Return every line below as is, leaving out the pictures.

■ Data section
#####
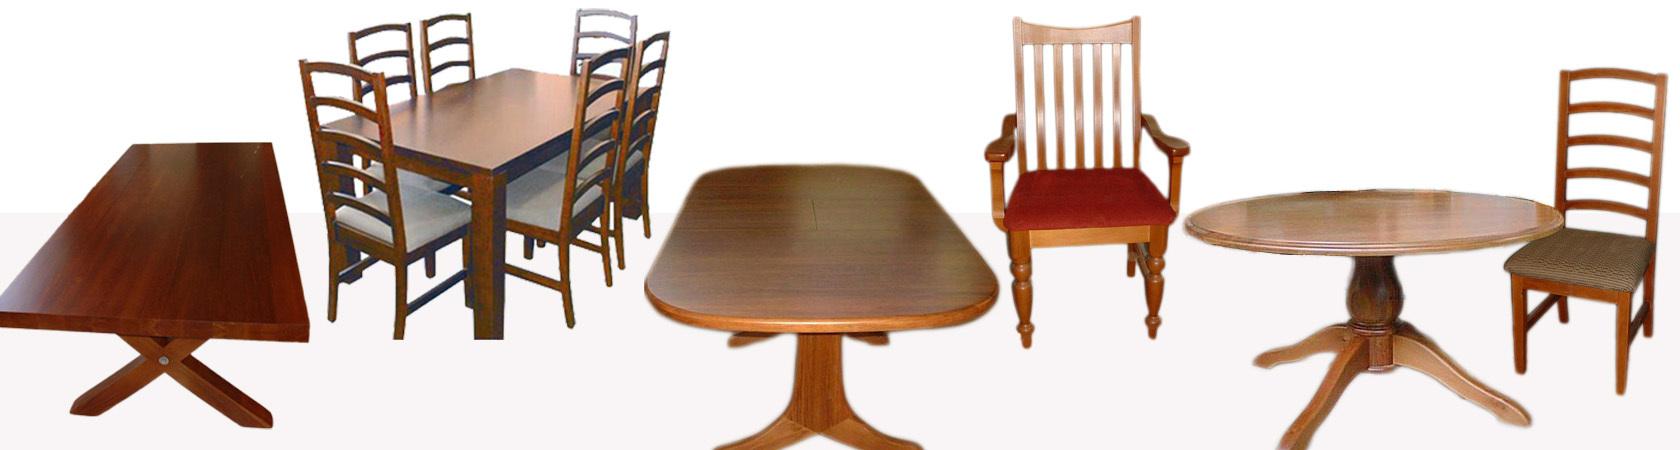 Bespoke Furniture Christchurch Made to Order Furniture
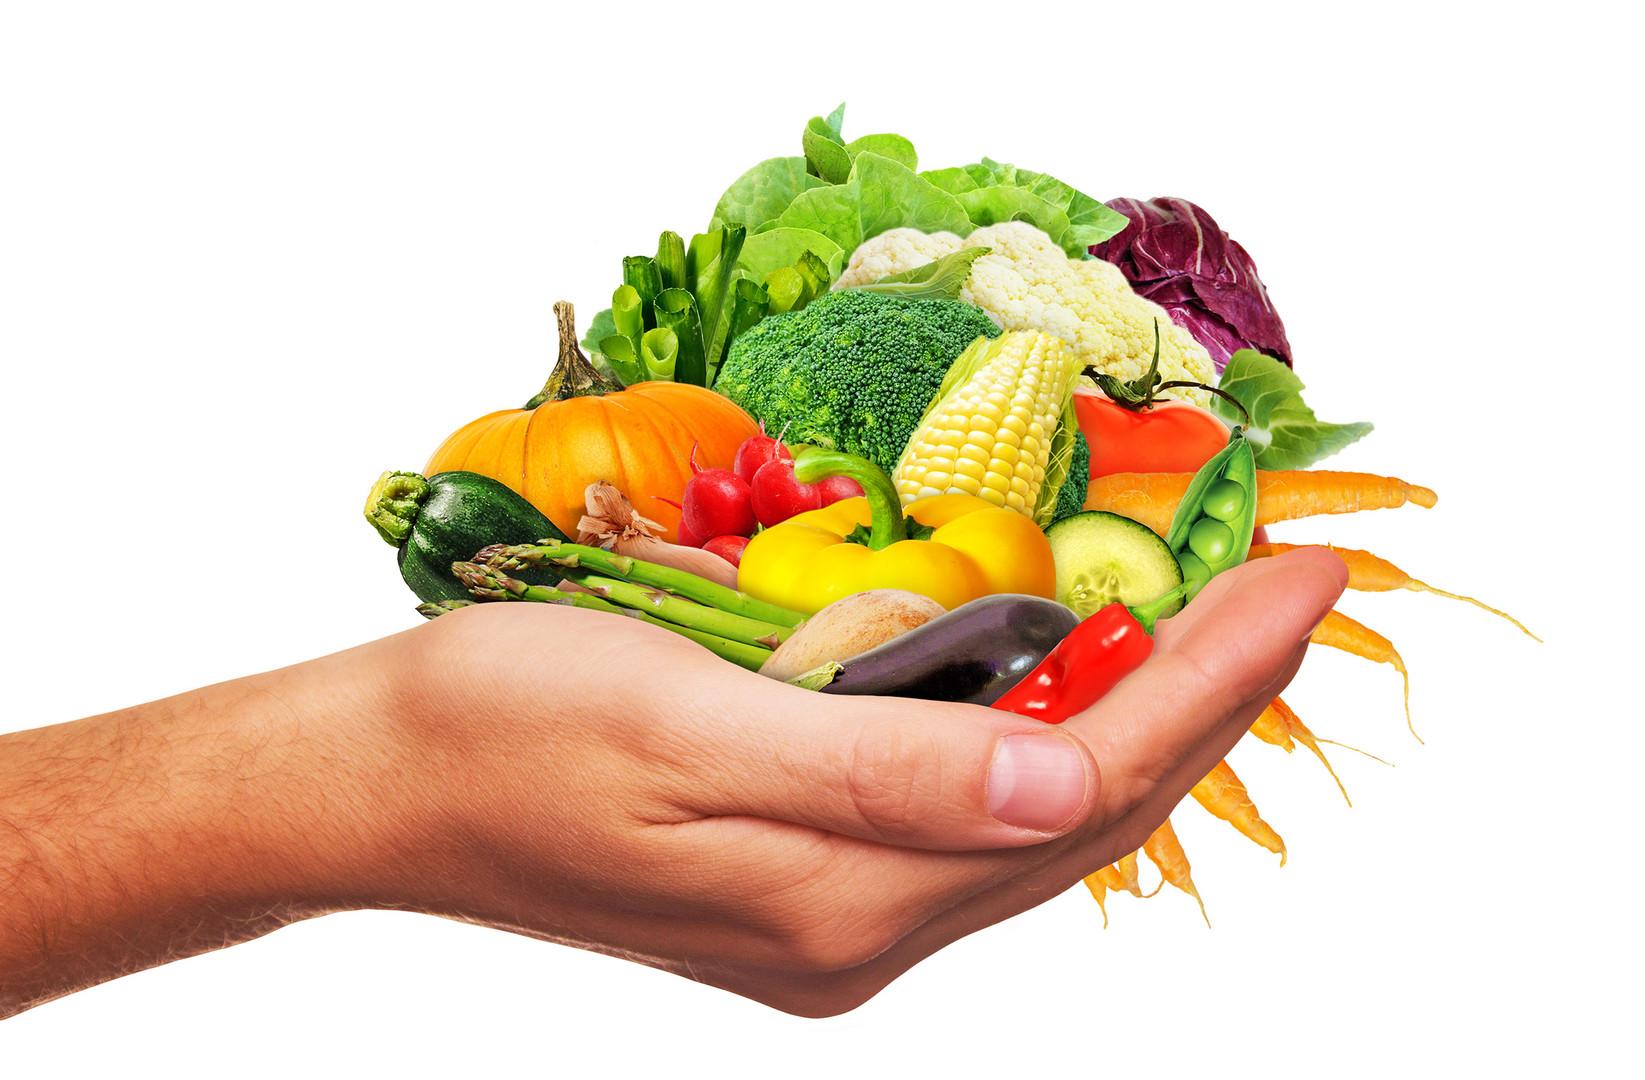 Hand_Gemüse_17_.jpg
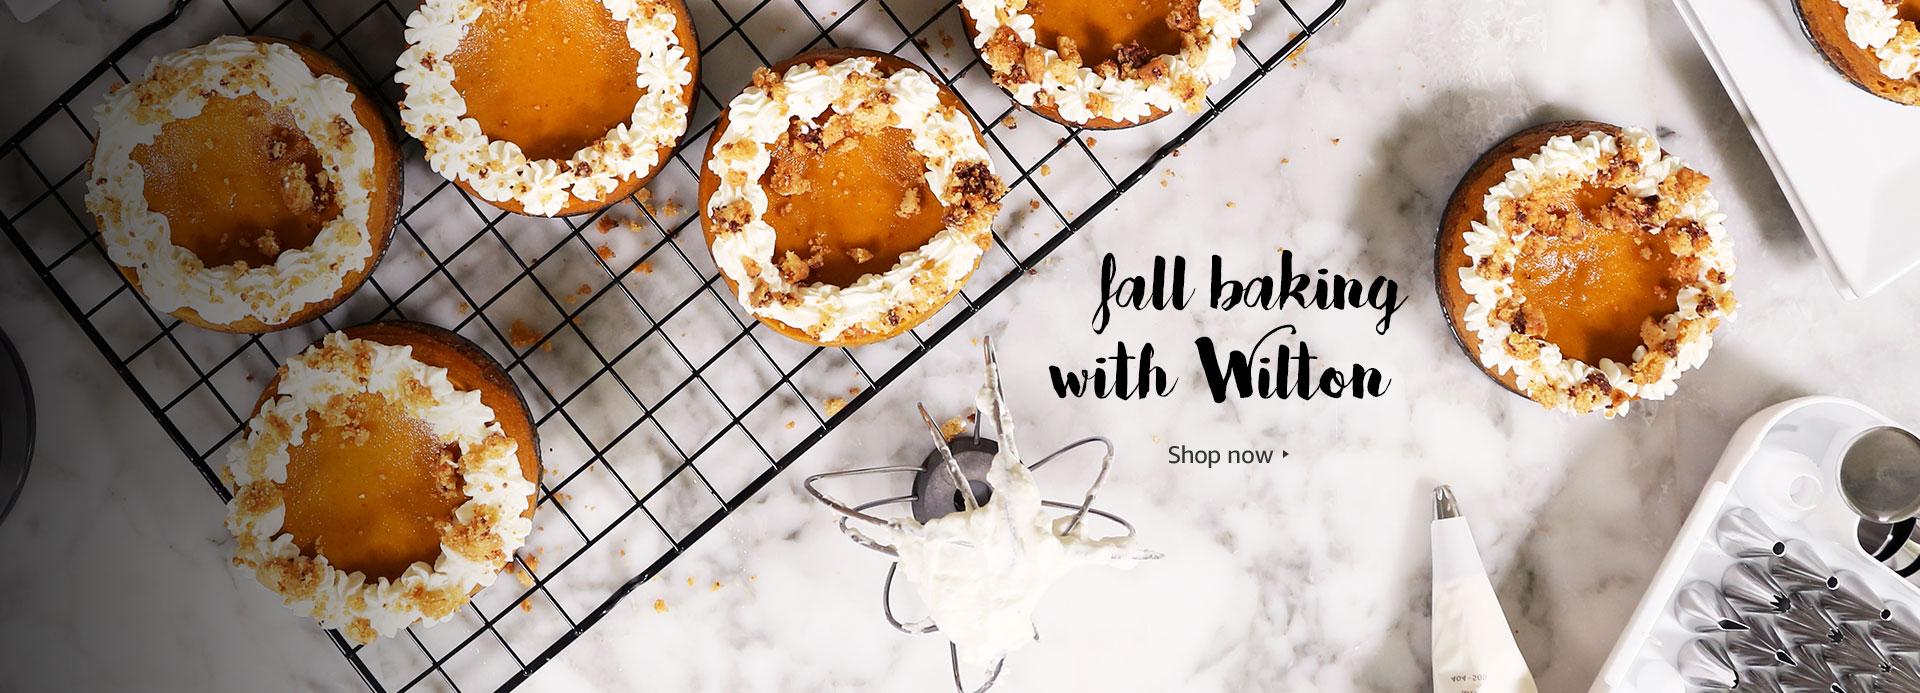 Fall baking with Wilton
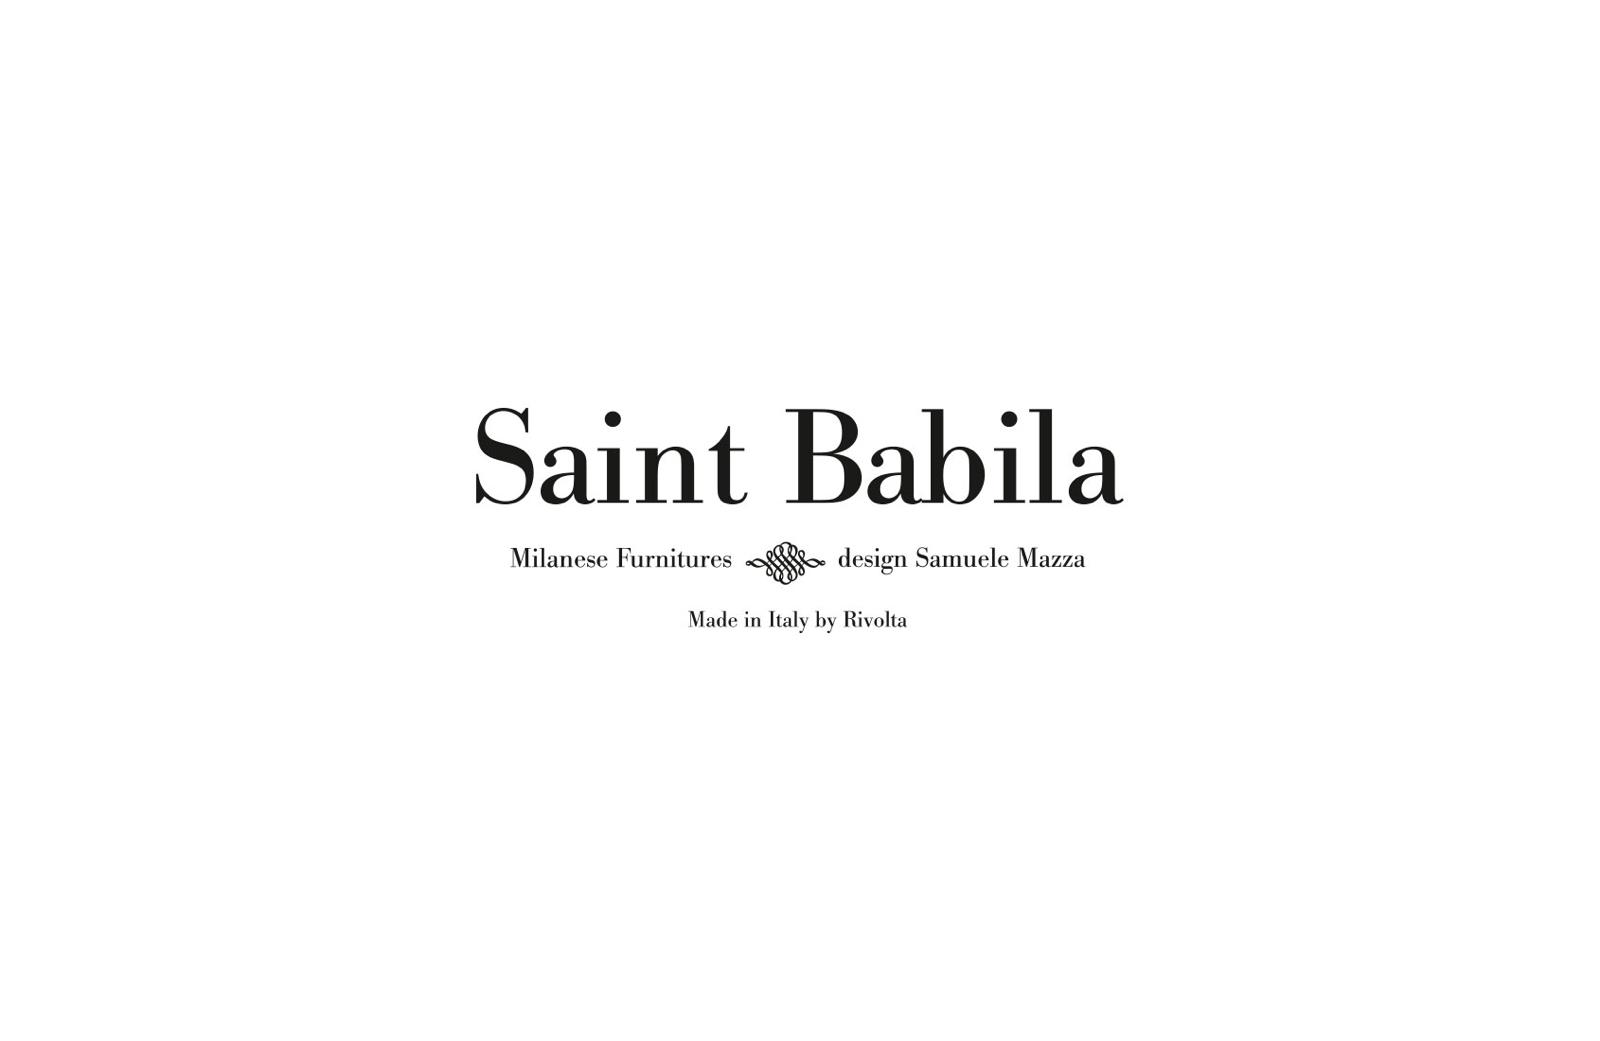 Saint Babila
#####
■ Response to the exercise
 Bespoke Furniture Christchurch Made to Order Furniture
 Hand_Gemüse_17_.jpg
 Fall baking with Wilton
 Saint Babila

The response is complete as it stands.